The State contends that the doctrine of reliction should not be applied to the lands surrounding Great Salt Lake. The doctrine of "reliction" in the law covers the situation involving the title to the land which emerges from beneath a body of water caused by a recession of the waters. The law of reliction is generally the same as that of accretion as it concerns contiguity, imperceptibility and naturalness of the process of the water's recession and the exposure of additional land. The law *393 of reliction, as well as accretion, has evolved over a long period of time and is based upon the rights of a riparian owner to have access to the water adjacent to his property. The State bottoms its contention that the law of reliction should not be applied to Great Salt Lake because the water level of the lake fluctuates substantially and rapidly, rather than slowly and imperceptibly. The facts show, and the trial court found, that there have been rapid, substantial, temporary and widely fluctuating variations in the level of the lake. As illustrative of this fluctuation, the level of the lake between September 1, 1966, to December 31, 1966, was lowered more than two vertical feet, exposing more than 140,000 acres of shore lands during that period. During a 92-day period in the year 1964 the water level rose approximately 1.75 feet which resulted in submerging 120,000 acres of shore land. One of the principal causes of the fluctuations in the water level is the diversion of the waters of the tributaries of the lake for irrigation and other consumptive uses. The lake being without an outlet is more susceptible to the effects of climatic changes; the level of the lake rises substantially during wet cycles, and there is a substantial lowering of the water level during dry cycles.

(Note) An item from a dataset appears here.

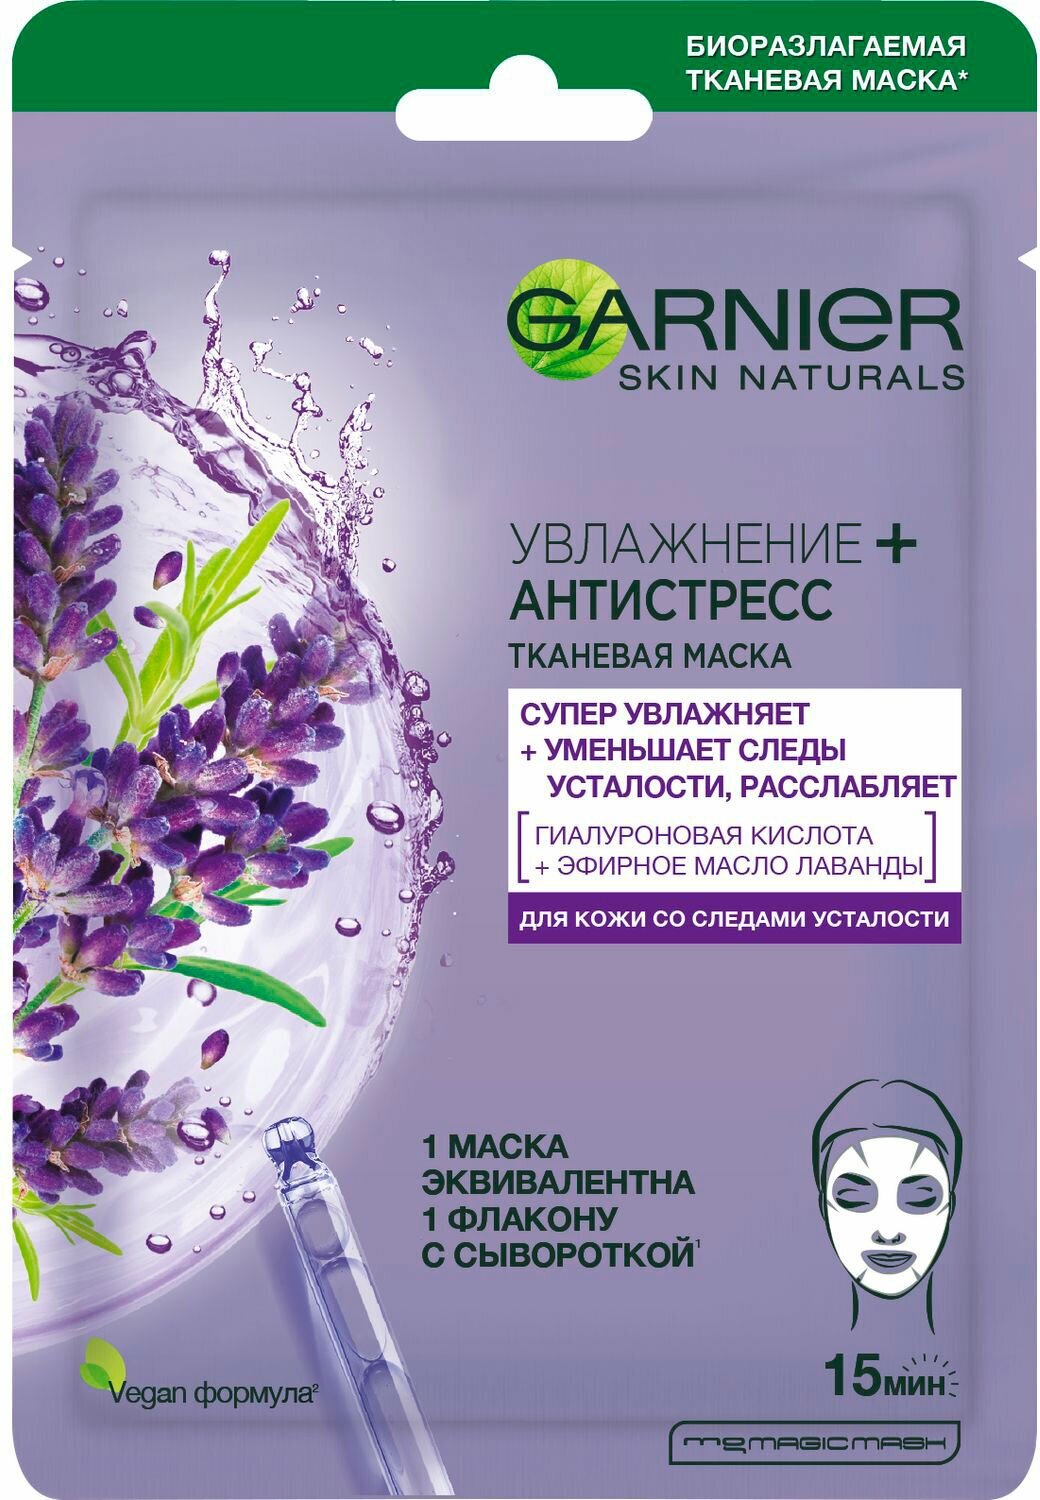 Garnier Тканевая маска для лица «Увлажнение + Антистресс» с гиалуроновой кислотой и маслом лаванды против следов усталости для увлажнения, питания и восстановления сияния кожи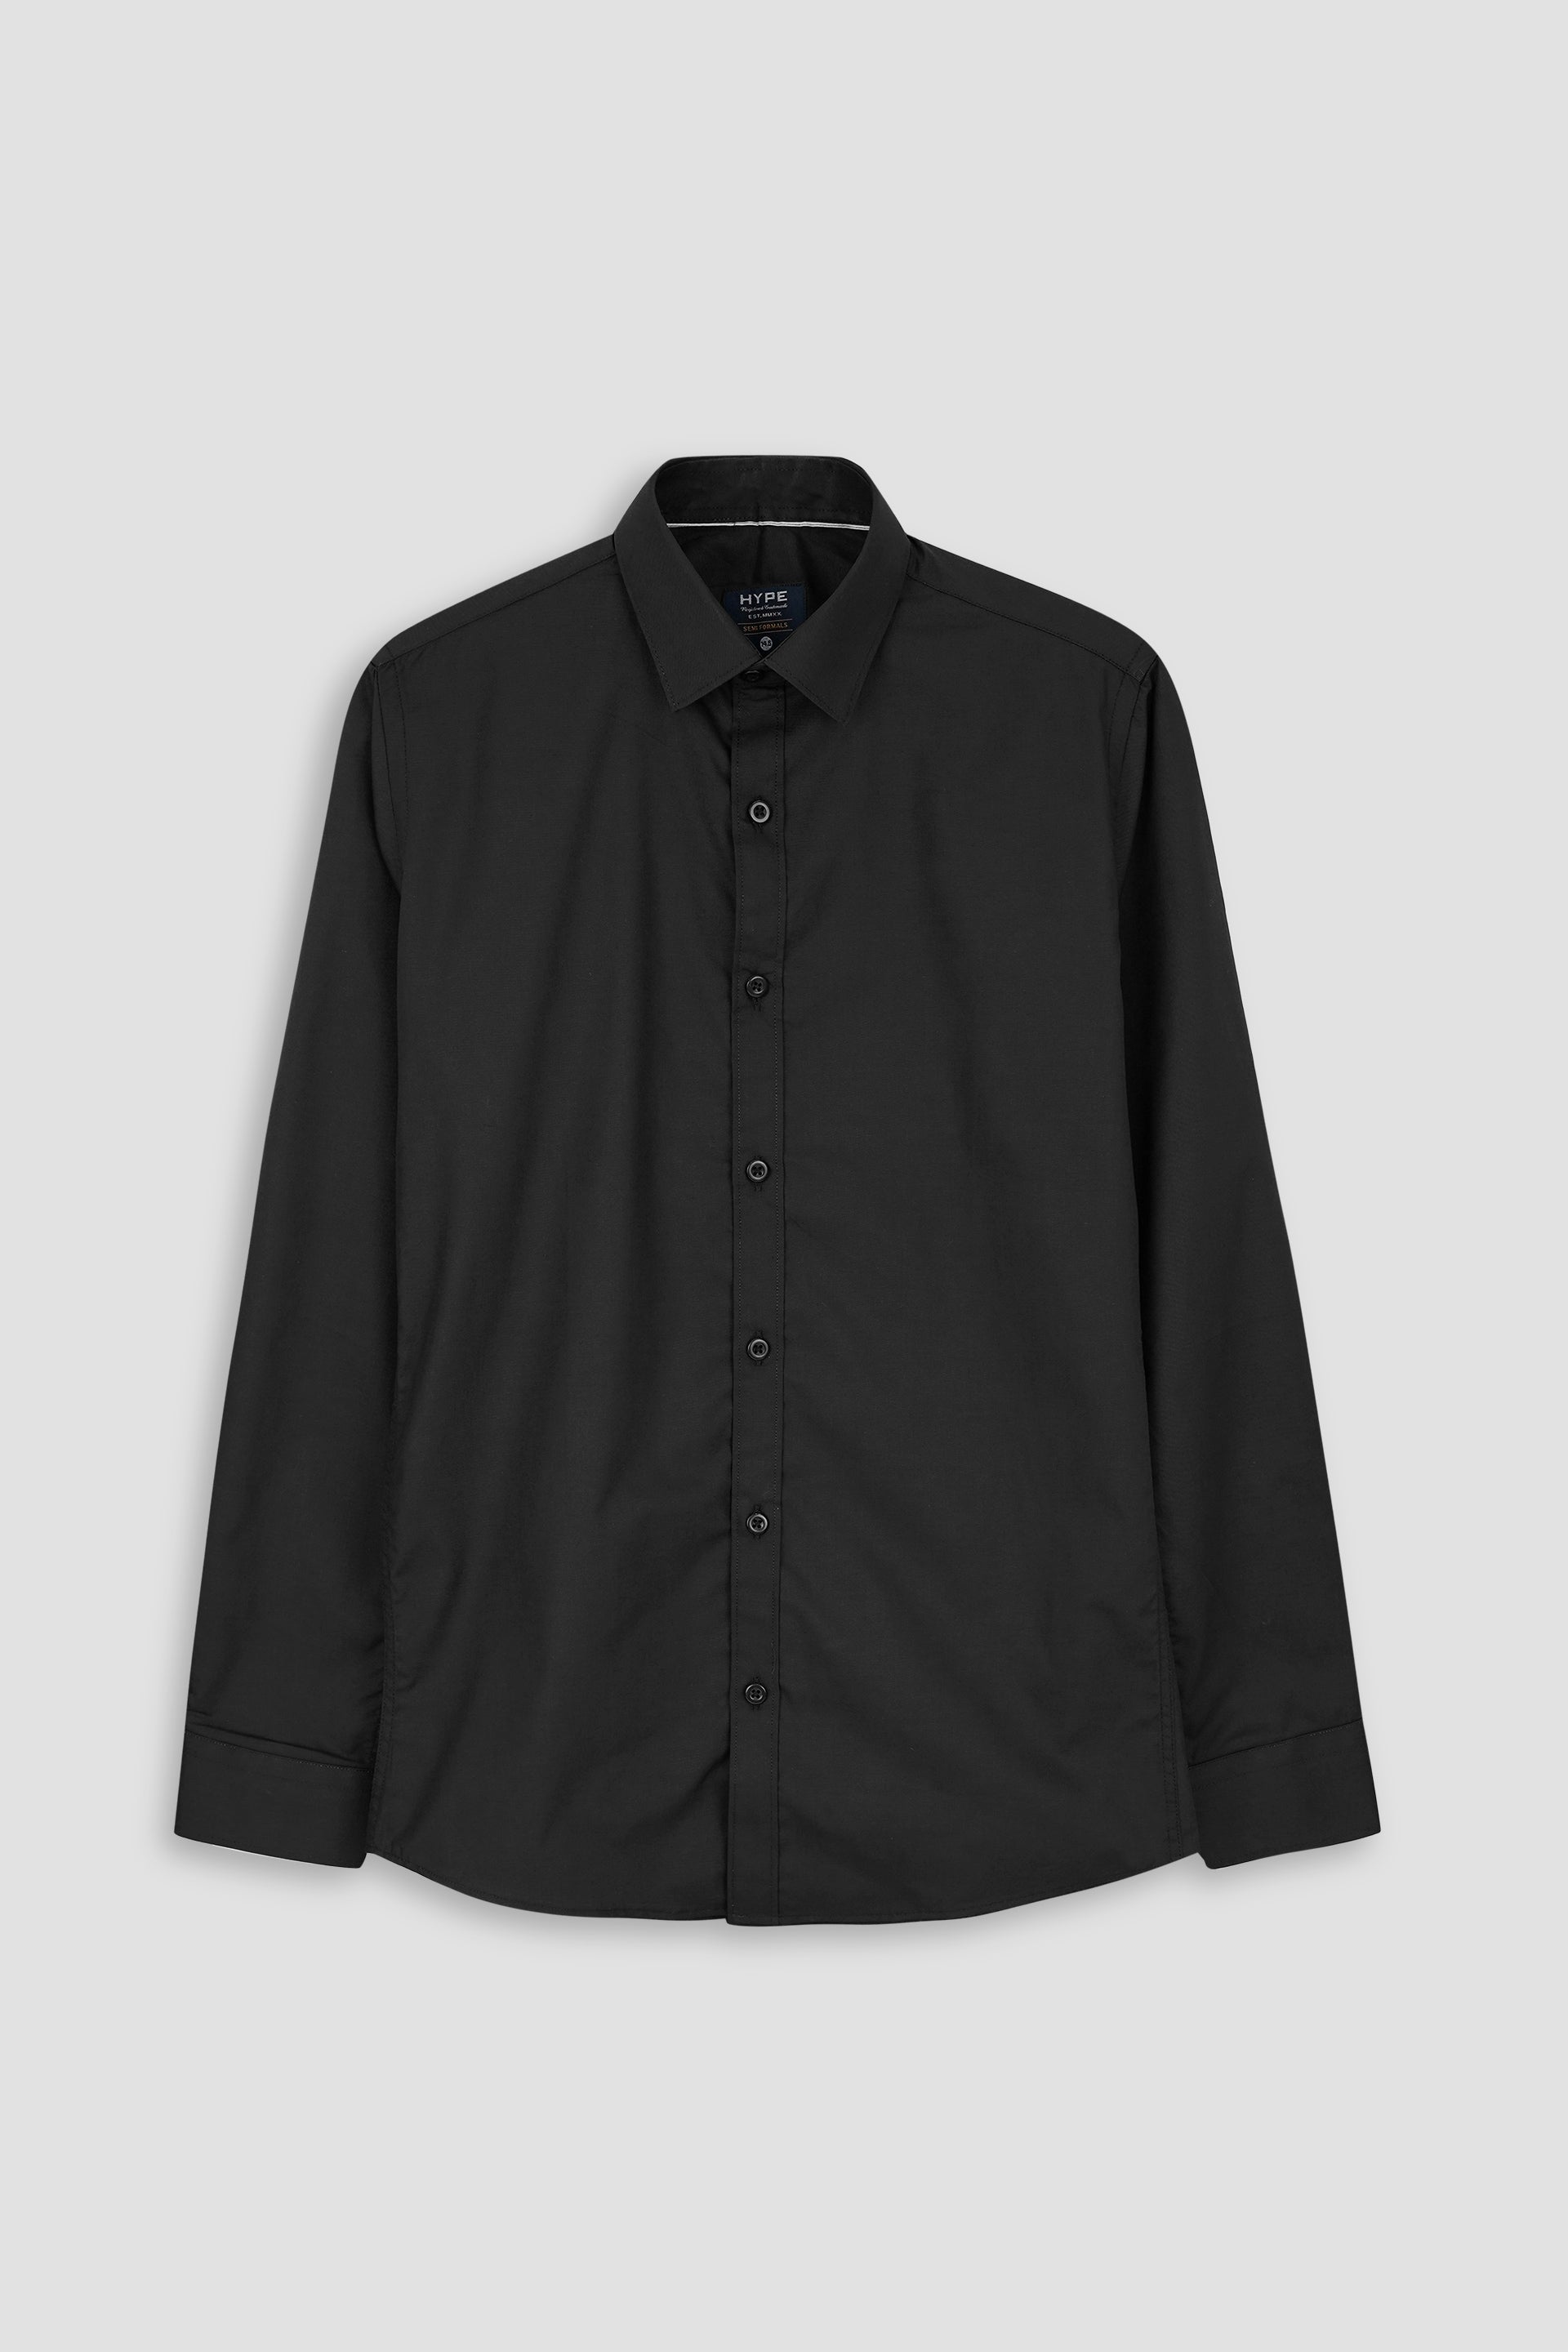 Men Soft Cotton Black Casual Shirt 002510

In view of the unique and special conditions affecting Great Salt Lake, we agree with the trial court that the recession of the waters from the land in question has not been natural, gradual and imperceptible,[5] and that the doctrine of reliction should not be applied.

We are in accord with the decision of the district court that Great Salt Lake is a navigable body of water, and that the ownership of the bed of the lake became vested in the State of Utah at the time of its admission to the Union, and that the State is entitled to have its title quieted as to the lands which are the subject matter of this suit.

The judgment of the court below is affirmed. No costs awarded.

CALLISTER, C.J., and ELLETT, HENRIOD and CROCKETT, JJ., concur.

NOTES

[1] State Engineer v. Cowles Bros. Inc. (Nev.), 478 P.2d 159.

[2] United States v. Utah, 283 U.S. 64, 76, 51 S. Ct. 438, 75 L. Ed. 844; Shively v. Bowlby, 152 U.S. 1, 14 S. Ct. 548, 38 L. Ed. 331; United States v. Holt State Bank, 270 U.S. 49, 46 S. Ct. 197, 70 L. Ed. 465; The Daniel Ball, 77 U.S. (10 Wall) 557, 19 L. Ed. 999; State Engineer v. Cowles Bros. Inc., supra.

[3] Utah v. United States, 403 U.S. 9, 91 S. Ct. 1775, 29 L. Ed. 2d 279 (1971).

[4] McGilvra v. Ross, 215 U.S. 70, 30 S. Ct. 27, 54 L. Ed. 95; County of St. Clair v. Lovingston, 23 Wall (90 U.S.) 46, 23 L. Ed. 59.

[5] Martin v. Busch, 93 Fla. 535, 112 So. 274; Hillebrand v. Knapp, 65 S.D. 414, 274 N.W. 821, 5A Thompson on Real Property, Sec. 2563 (1957 Replacement).